Versione originale in latino


Libenter ex iis qui a te veniunt cognovi familiariter te cum servis tuis vivere: hoc prudentiam tuam, hoc eruditionem decet. 'Servi sunt.' Immo homines. 'Servi sunt ' Immo contubernales. 'Servi sunt.' Immo humiles amici. 'Servi sunt.' Immo conservi, si cogitaveris tantundem in utrosque licere fortunae. Itaque rideo istos qui turpe existimant cum servo suo cenare: quare, nisi quia superbissima consuetudo cenanti domino stantium servorum turbam circumdedit? Est ille plus quam capit, et ingenti aviditate onerat distentum ventrem ac desuetum iam ventris officio, ut maiore opera omnia egerat quam ingessit. At infelicibus servis movere labra ne in hoc quidem ut loquantur, licet; virga murmur omne compescitur, et ne fortuita quidem verberibus excepta sunt, tussis, sternumenta, singultus; magno malo ulla voce interpellatum silentium luitur; nocte tota ieiuni mutique perstant. Sic fit ut isti de domino loquantur quibus coram domino loqui non licet. At illi quibus non tantum coram dominis sed cum ipsis erat sermo, quorum os non consuebatur, parati erant pro domino porrigere cervicem, periculum imminens in caput suum avertere; in conviviis loquebantur, sed in tormentis tacebant. Deinde eiusdem arrogantiae proverbium iactatur, totidem hostes esse quot servos: non habemus illos hostes sed facimus.
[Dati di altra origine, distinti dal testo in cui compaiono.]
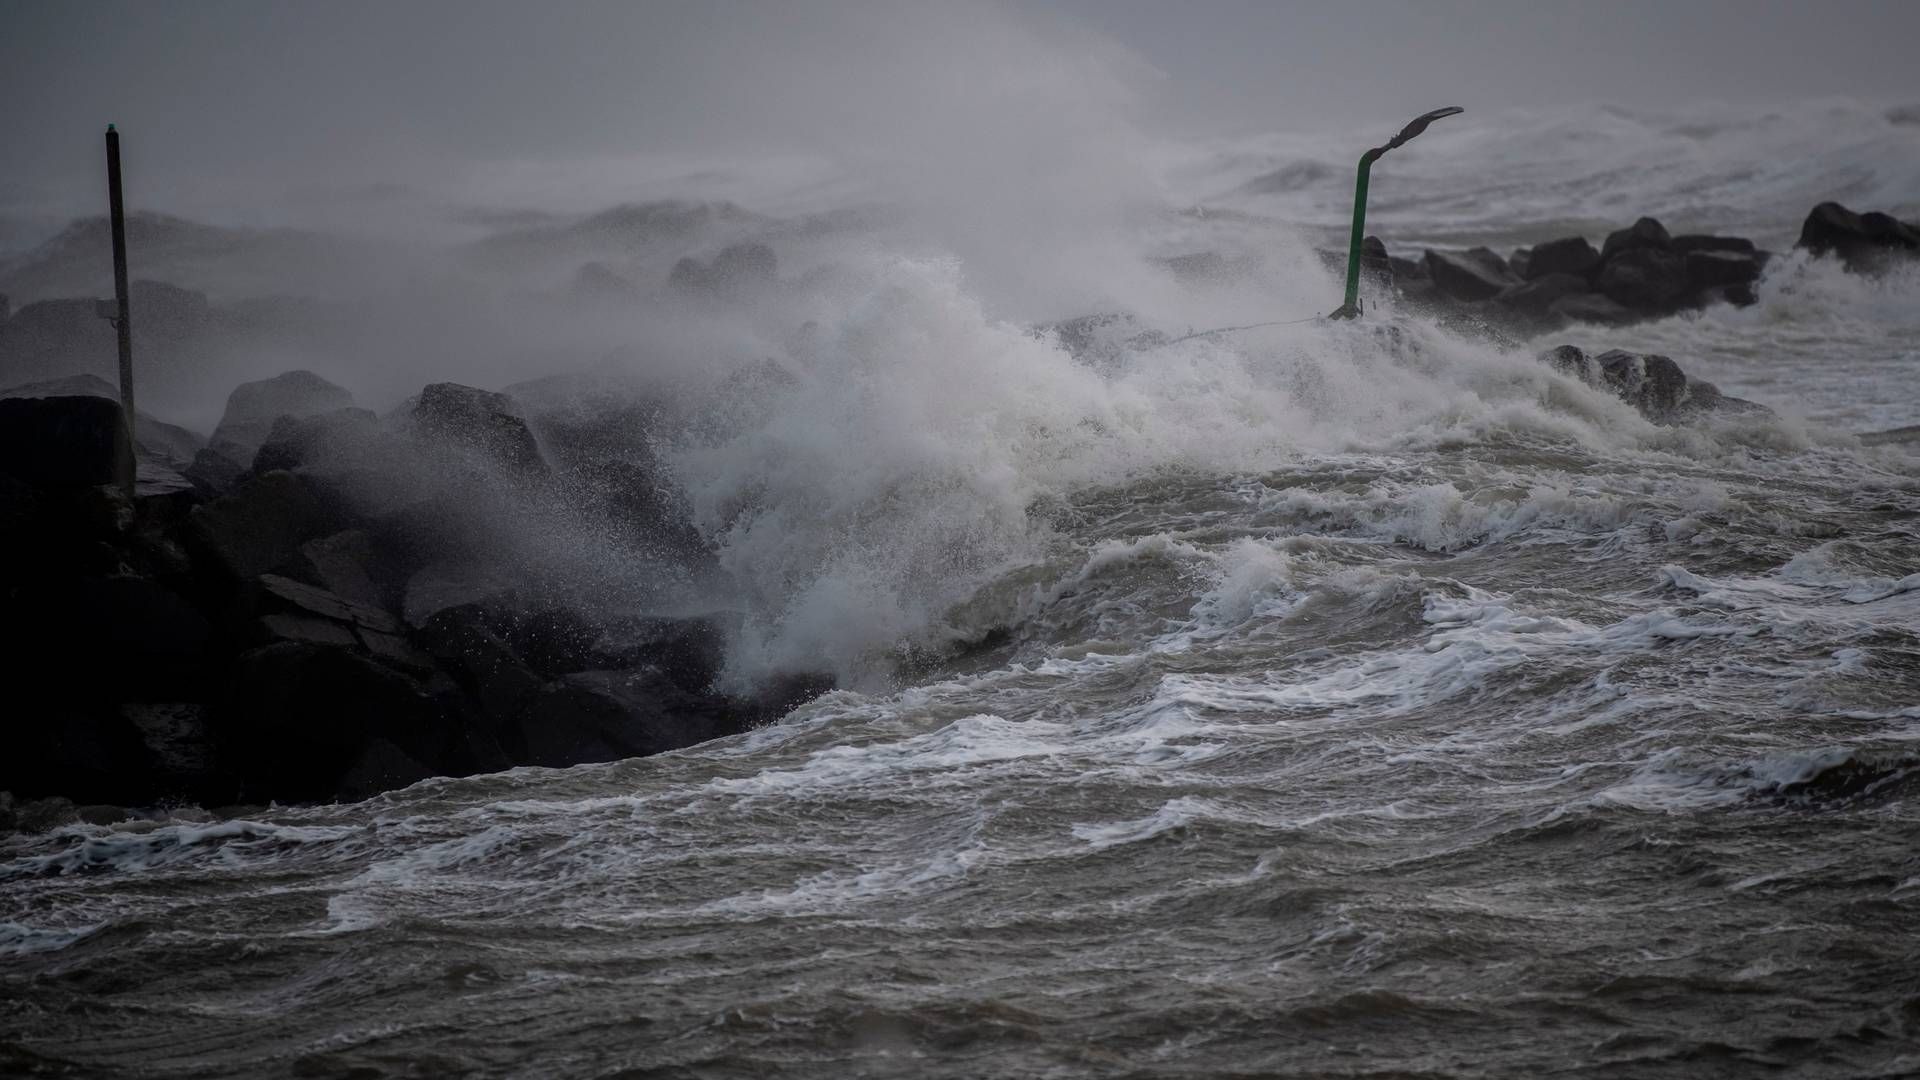 Stormen Otto har indtil videre medført færre skader end frygtet, oplyser Tryg og Topdanmark. | Foto: Morten Stricker/Jysk Fynske Medier/Ritzau Scanpix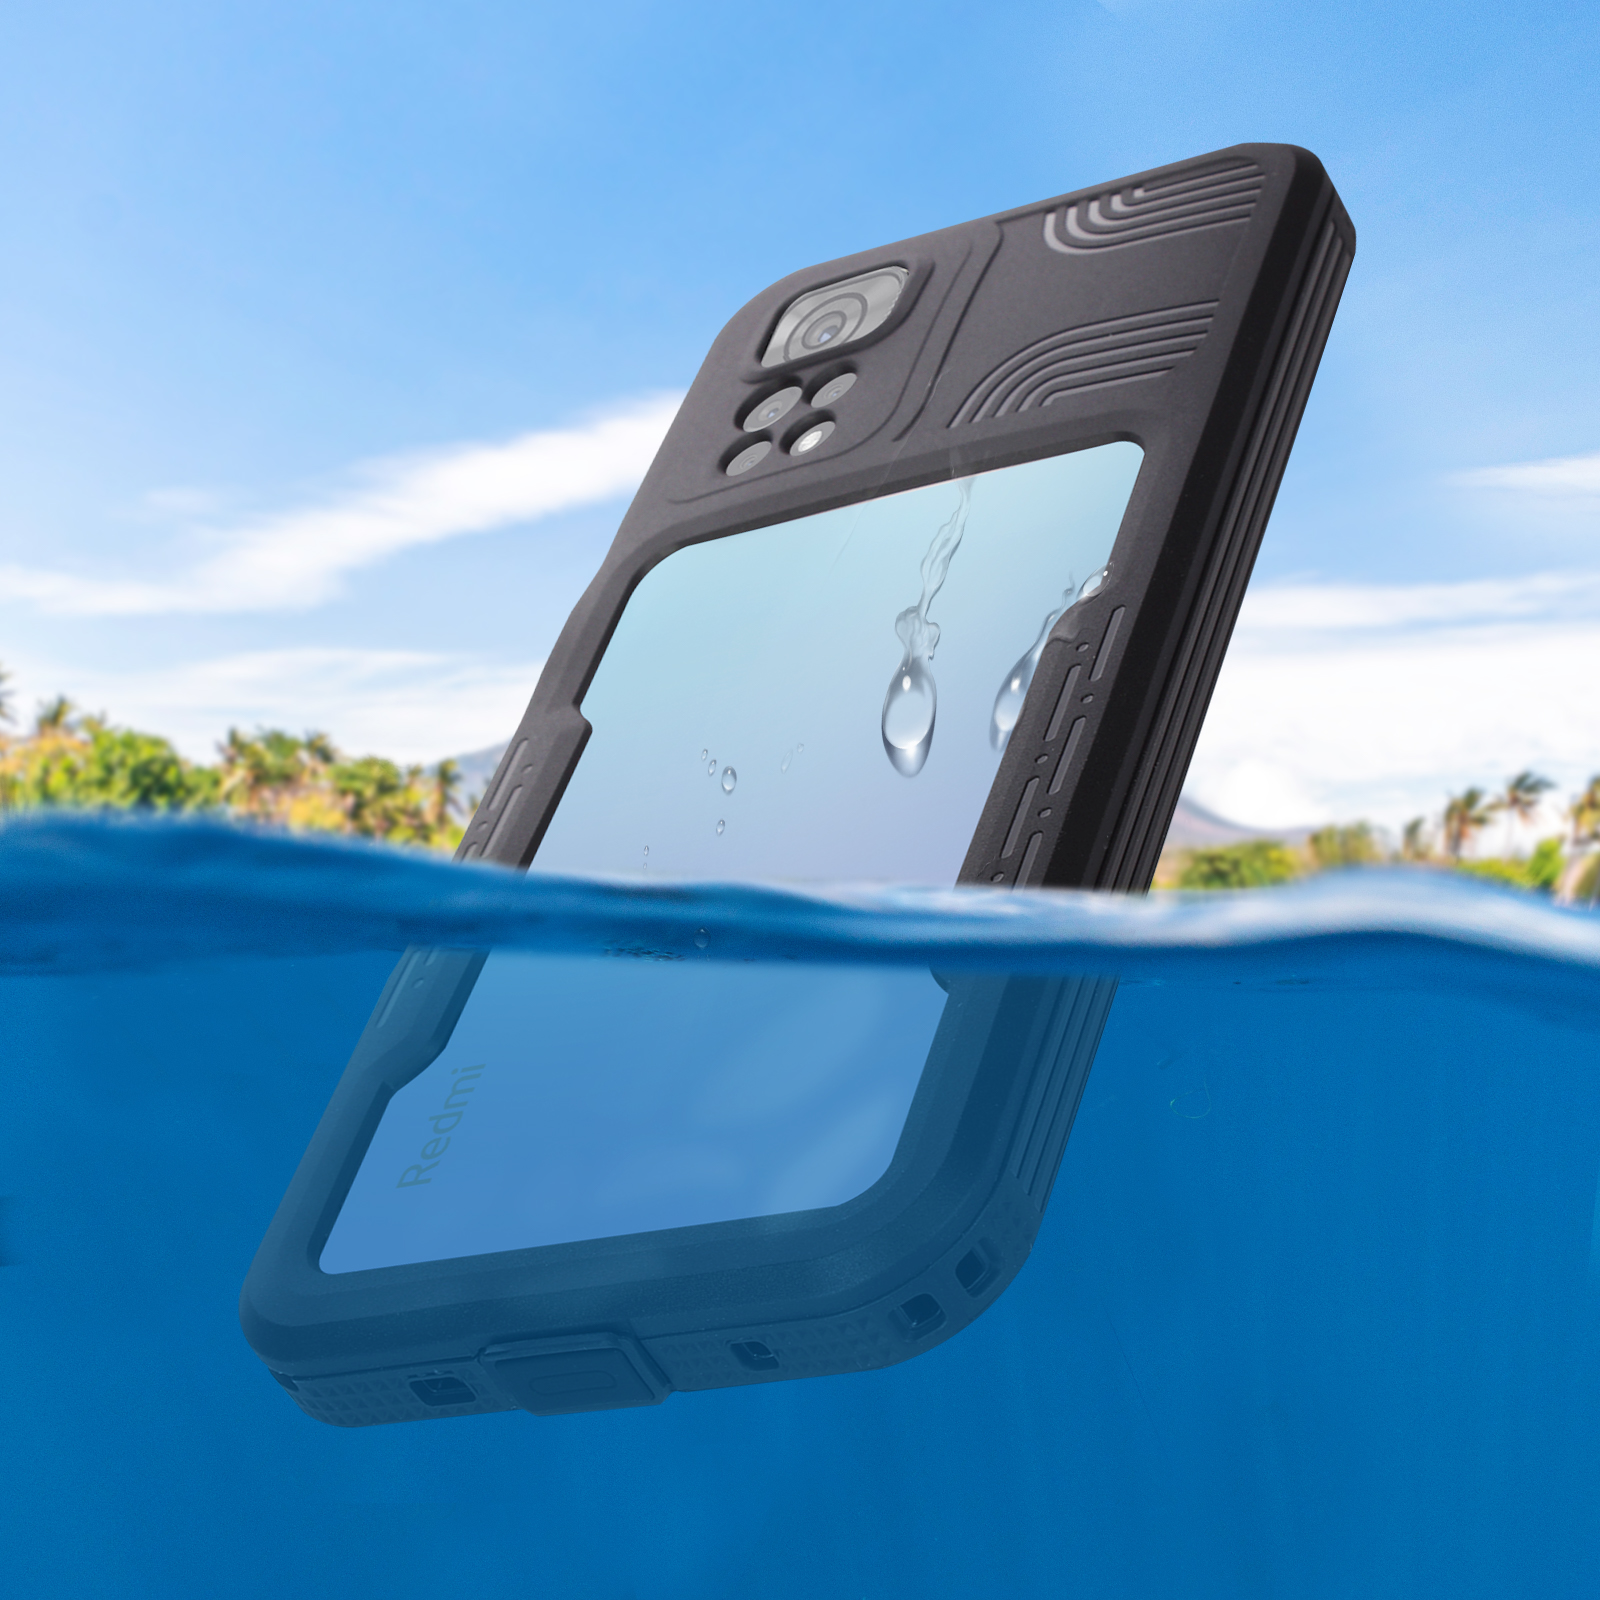 Transparent Redmi Schutz Series, Backcover, REDPEPPER Grad IP68 Note Xiaomi, 11s, 360° Waterproof,

Alia interim crudelia, inhumana praetereo, quod ne tamquam hominibus quidem sed tamquam iumentis abutimur. [...]

Traduzione all'italiano


Ho appreso volentieri da costoro, che provengono da te, che tu vivi in familiarità con i tuoi schiavi: questo si addice alla tua saggezza ed alla tua educazione. "Sono schiavi" - ma sono anche uomini. "Sono schiavi" - ma sono anche compagni di stanza. "Sono schiavi" - ma anche umili amici. "Sono schiavi" - ma anche compagni di schiavitù, se pensi che la fortuna ha egual potere su entrambi. Così rido di coloro, che ritengono disdicevole cenare con il proprio schiavo: perchè, se non che una consuetudine superba impone intorno al padrone che cena, una folla di schiavi ritti in piedi? Egli mangia più di quanto può contenere ed appesantisce con la sua mostruosa avidità il ventre teso ed ormai disabituato al suo compito di ventre, al punto che rigetta tutto con maggior sforzo di quanto lo ingoiò: invece agli schiavi sventurati non è concesso muovere le labbra neppure per questo, per parlare. La frusta reprime ogni mormorio e neppure i rumori fortuiti vengono sottratti alle frustate, la tosse, gli starnuti ed i singhiozzi: il silenzio interrotto da una qualunque voce è pagato con un gran male; tutta la notte rimangono in piedi a digiuno e muti. così accade che parlino (male) del padrone costoro ai quali non è concesso parlare apertamente al padrone. Invece quelli che non solo potevano parlare davanti ai padroni, e avevano con loro una conversazione amichevole, ai quali non veniva cucita la bocca, erano pronti a dare la propria testa per il padrone, a deviare verso il proprio capo il pericolo imminente: parlavano ai banchetti, ma tacevano sotto tortura. Di conseguenza si cita il proverbio di questa medesima arroganza: tanti nemici quanti sono gli schiavi; non li abbiamo come nemici, ma li (facciamo) rendiamo tali. Tralascio altre disposizioni crudeli ed inumane, che li trattiamo neppure come uomini, ma come bestie. [...]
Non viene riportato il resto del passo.